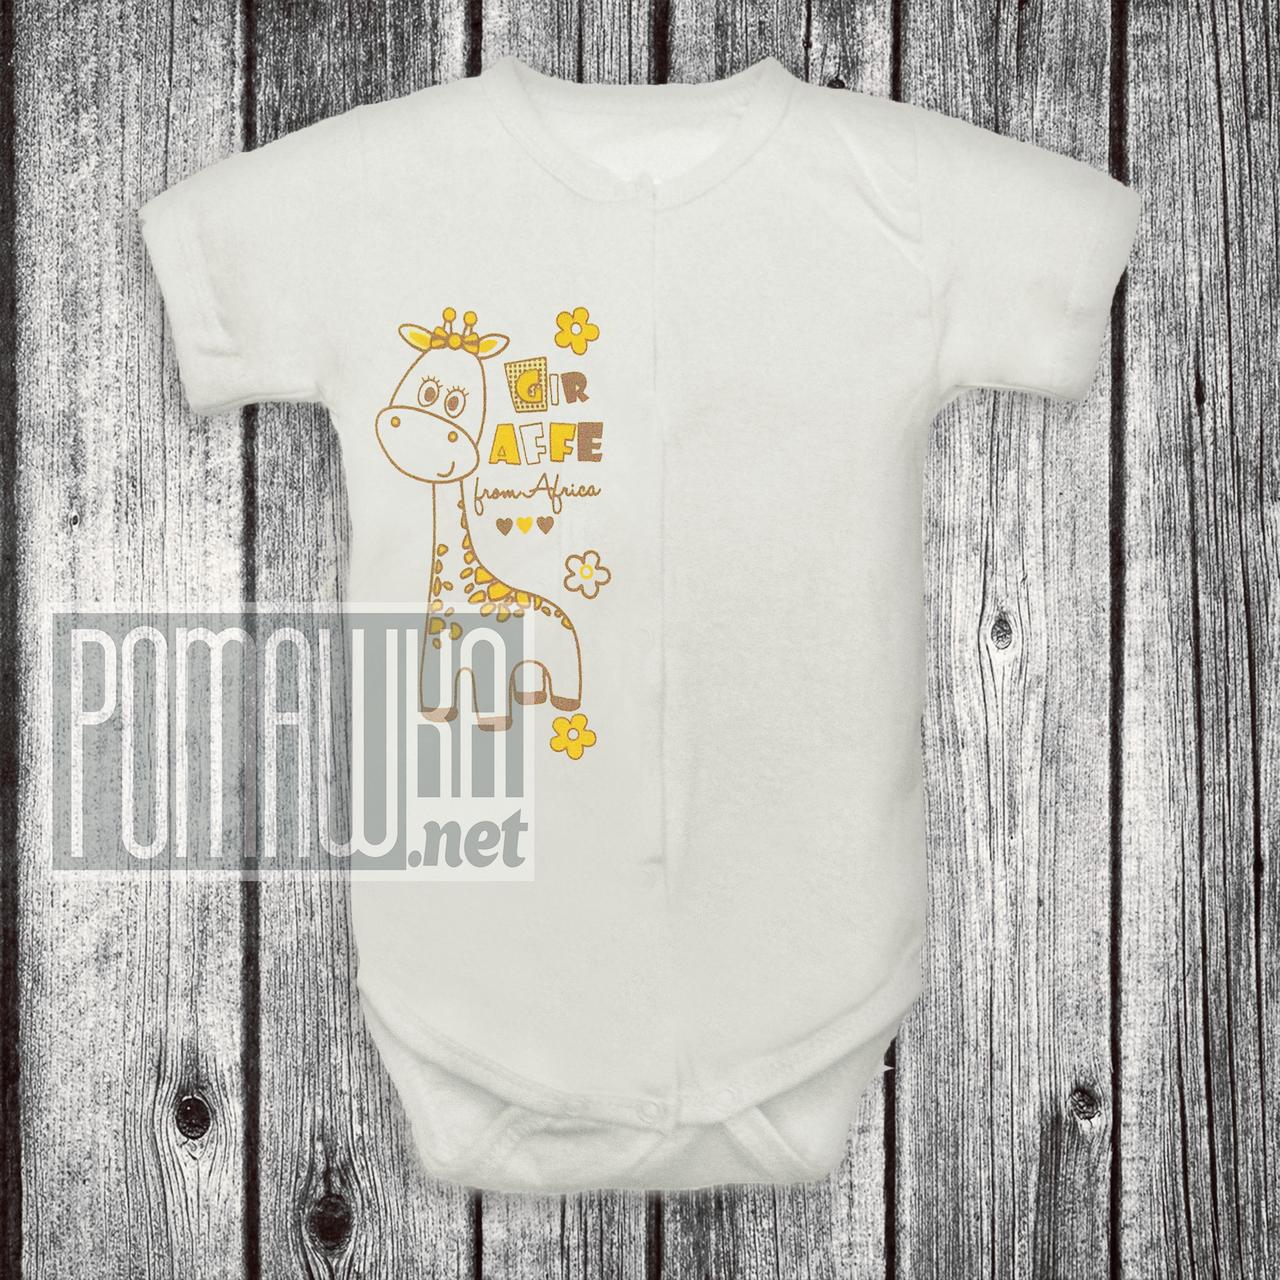 Детский боди футболка р 74 (68) 3-7 мес бодик короткий рукав для новорожденных малышей КУЛИР 3087 Бежевый
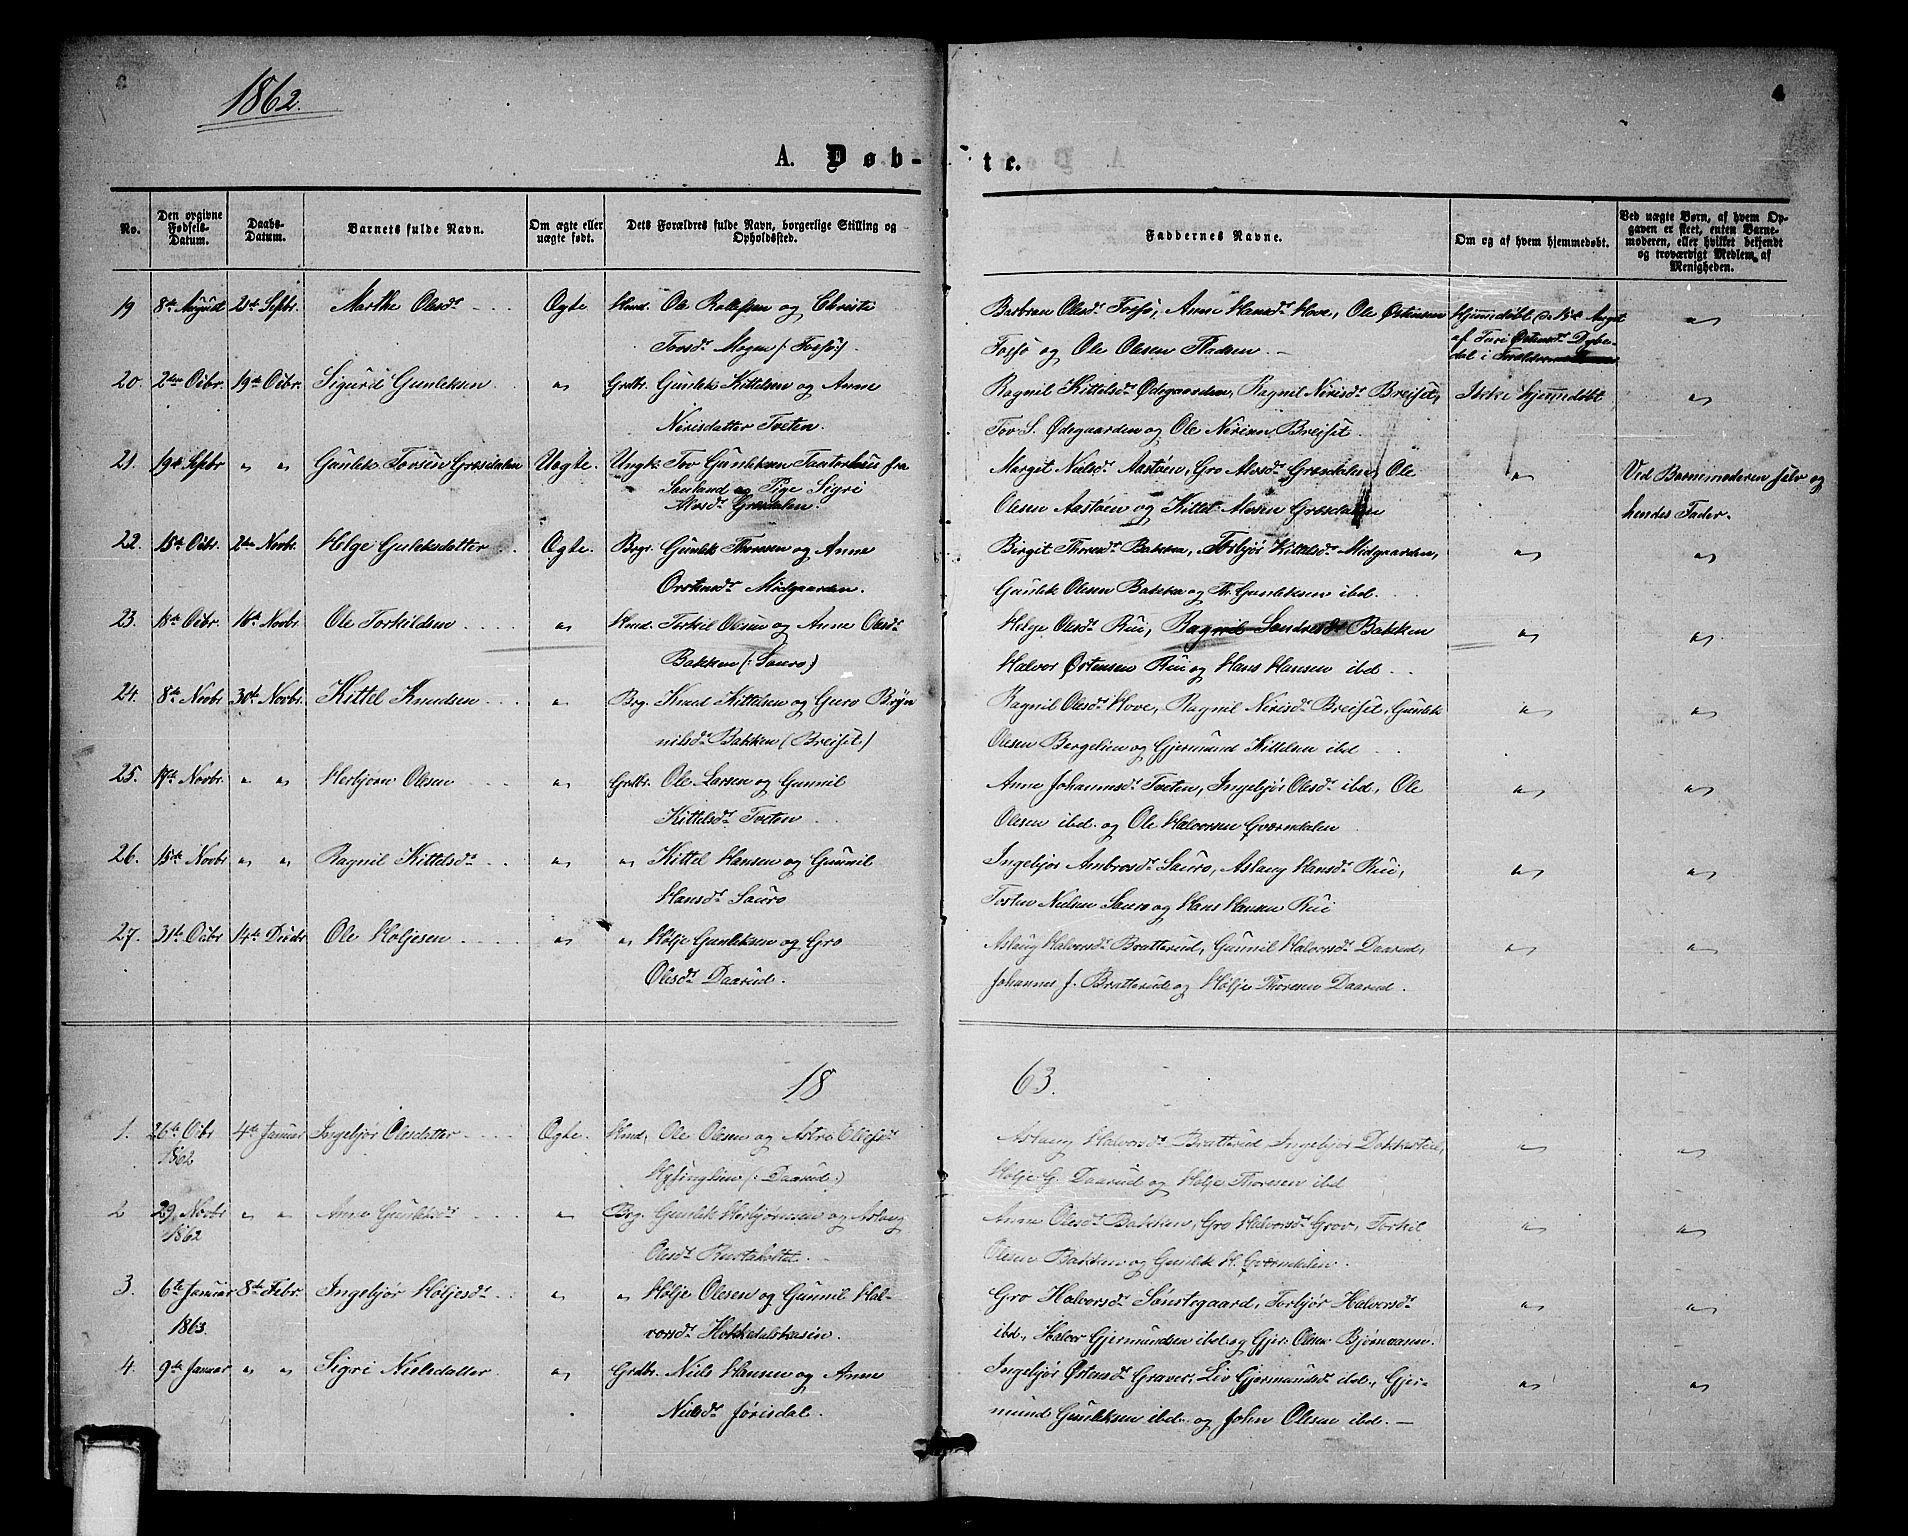 SAKO, Gransherad kirkebøker, G/Gb/L0002: Klokkerbok nr. II 2, 1860-1886, s. 4
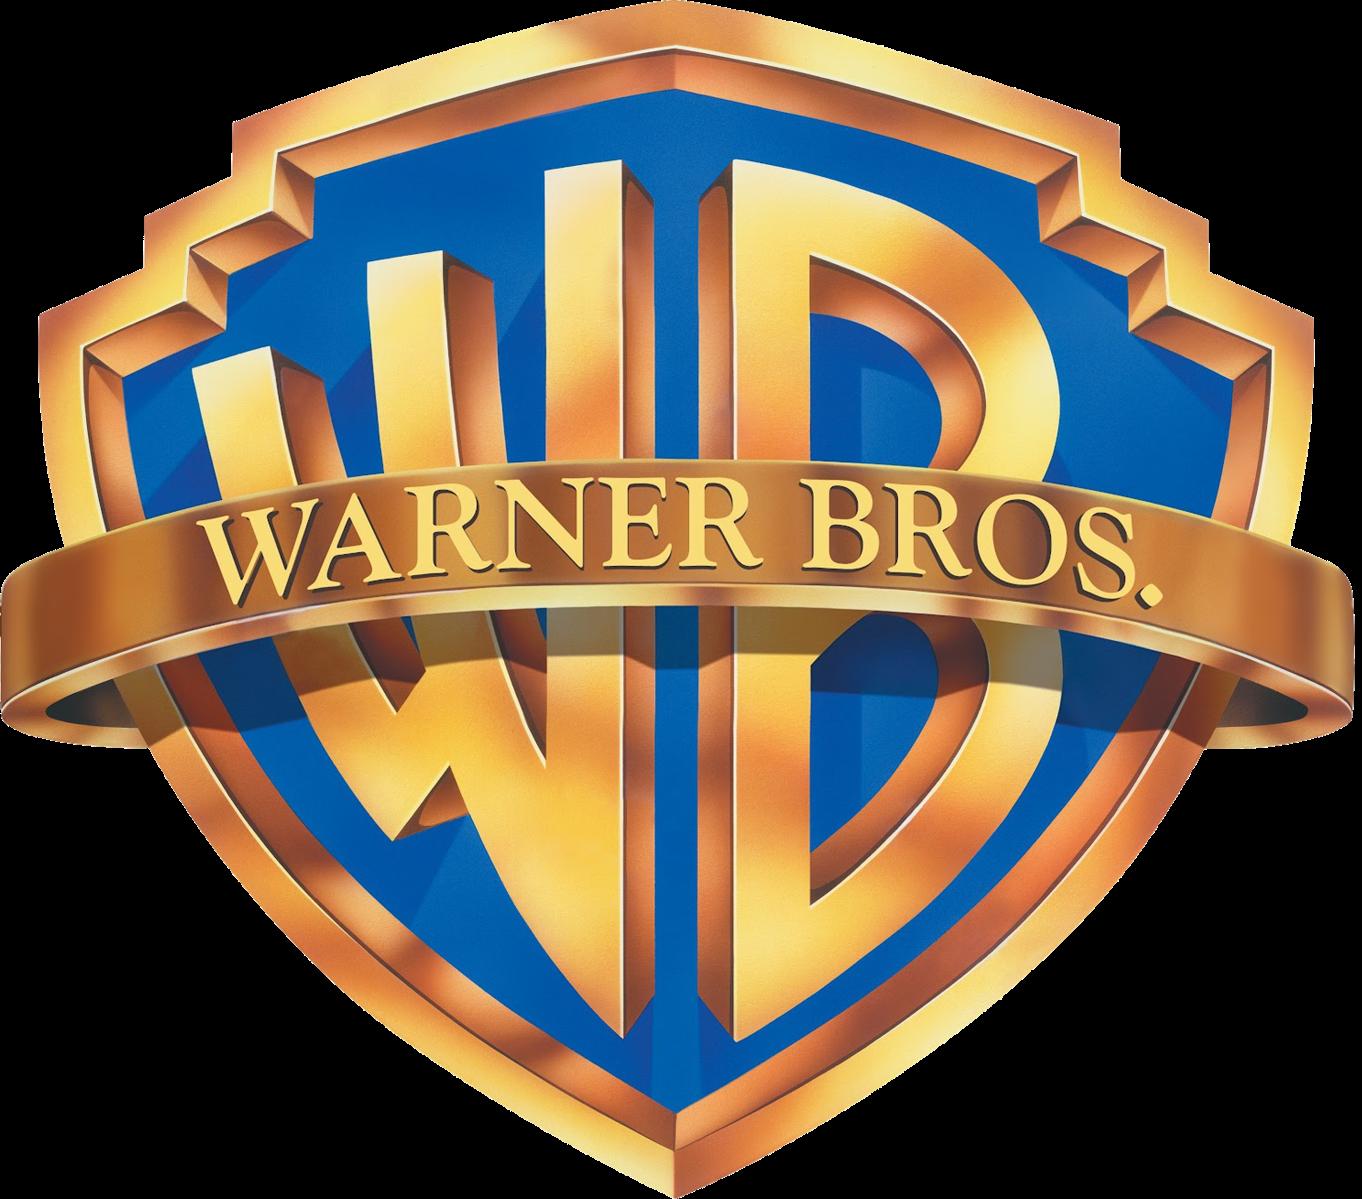 Warner Bros. | Warner Bros. Entertainment Wiki | FANDOM ... - photo#14
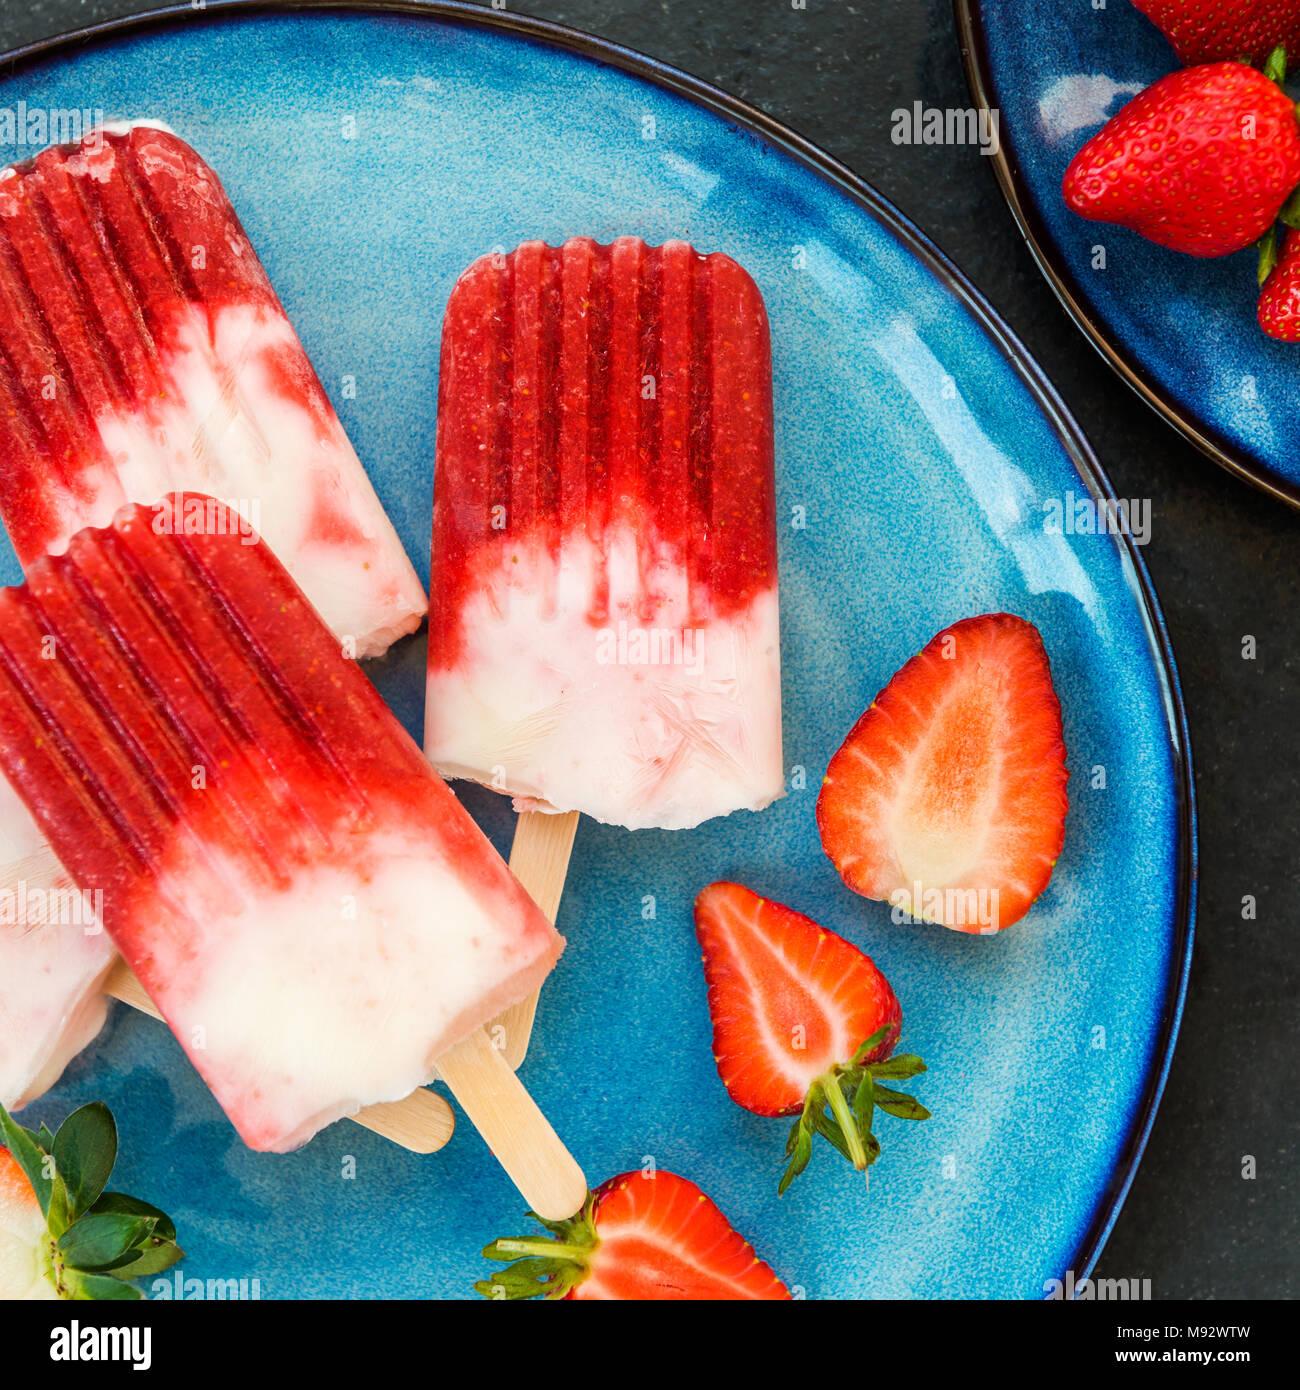 Hausgemachte Vegan Erdbeere Popsicle mit Erdbeersaft und Kokosmilch auf dunklem Marmor Hintergrund. Sommer essen Konzept. Ansicht von oben. Stockbild

======

- GOAL OF THE EXERCISE: Once the line holding "Warner Bros. |" is found, copy it and each later line exactly through the end of the data, leaving out the pictures.

- EXERCISE RESULT:
 Warner Bros. | Warner Bros. Entertainment Wiki | FANDOM ... - photo#14
 Hausgemachte Vegan Erdbeere Popsicle mit Erdbeersaft und Kokosmilch auf dunklem Marmor Hintergrund. Sommer essen Konzept. Ansicht von oben. Stockbild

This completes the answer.